After a long pause, there are two new Calamares releases. Calamares is a Linux System Installer, and I was the maintainer for five years before resigning that role. Nobody has stepped up to take the role over, although Anke and Evan contribute regularly helping users and adding bits and pieces. So, I got some prodding to do new releases and did so.

Translation Updates

There is a 3.2.62 release, dating back to april 2023. That was the very last 3.2 series release, and just picked up translations from Transifex. After that, translations were switched to the 3.3 branch. Since there are no real 3.3 releases yet, there is little testing of the translation workflow yet.

Partway through the year Transifex dropped their older Python-based API client, so I needed to scramble (briefly) to get the new go-based one working. So now I’m packager on FreeBSD of a go program, huzzah. From a Calamares-development perspective not much has changed: translations always had automated updates through the txpull and txpush scripts.
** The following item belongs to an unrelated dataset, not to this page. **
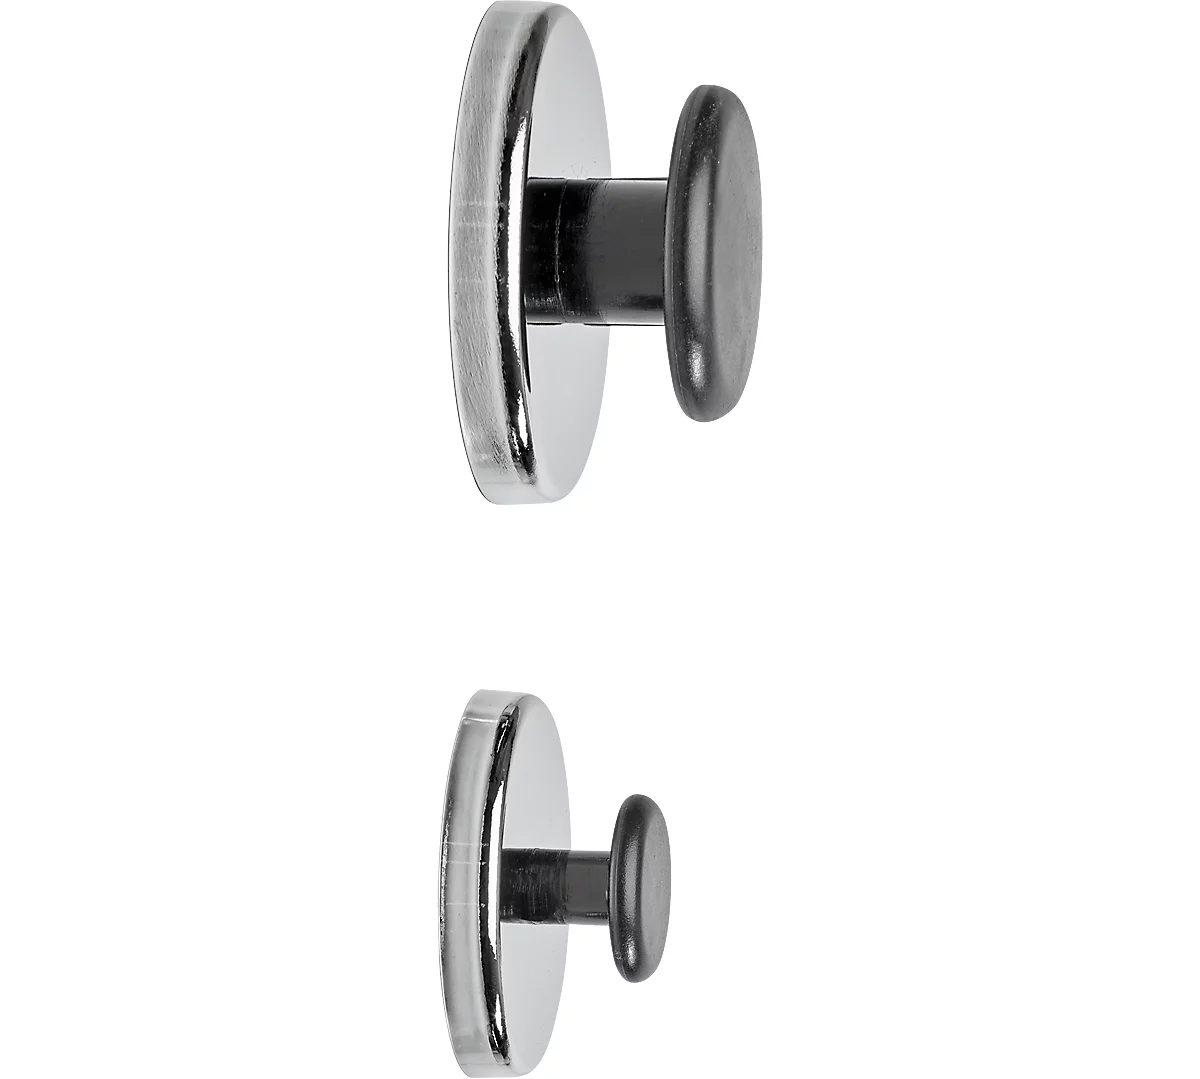 Magnet Maul, rund, mit Griffknopf, Ø 51 x T 24 mm, Haftkraft bis 9 kg, Stahl & Kunststoff, hellsilber, 1 Stück

Upcoming translations will apply only to the 3.3 series.

Extensions Updates

Sometimes forgotten, there is a calamares-extensions repo, which gets sort-of-regular updates from the PostmarketOS community because of the mobile module for configuring mobile phones with Linux.

There’s a 1.3.2 release, but upcoming 1.4 releases will require the Calamares 3.3 series as “host” of the extensions.

Calamares 3.3 (not yet)

I just released 3.3-alpha3. The next release will be 3.3.0, for reals. It has been a year since the last release from the calamares branch, and that’s just way too long. Release automation is there, so what I needed to do is do the same pre-release housekeeping as always, run the RELEASE.sh script, and enter my GPG passphrase.

Frankly, the GPG part was the hard part, because keys had expired in the meantime. I need to update my site and the Calamares site with updated GPG key fingerprints so that the releases can be properly verified.

There is a TODO list of sorts in the release announcement. Those are the things I feel like doing – more infrastructural, and not so much features for Linux distro’s. I guess if I don’t have to, I don’t install that many Linuxes in a day.

The takeaway is that there is still movement in the project, and releases are coming.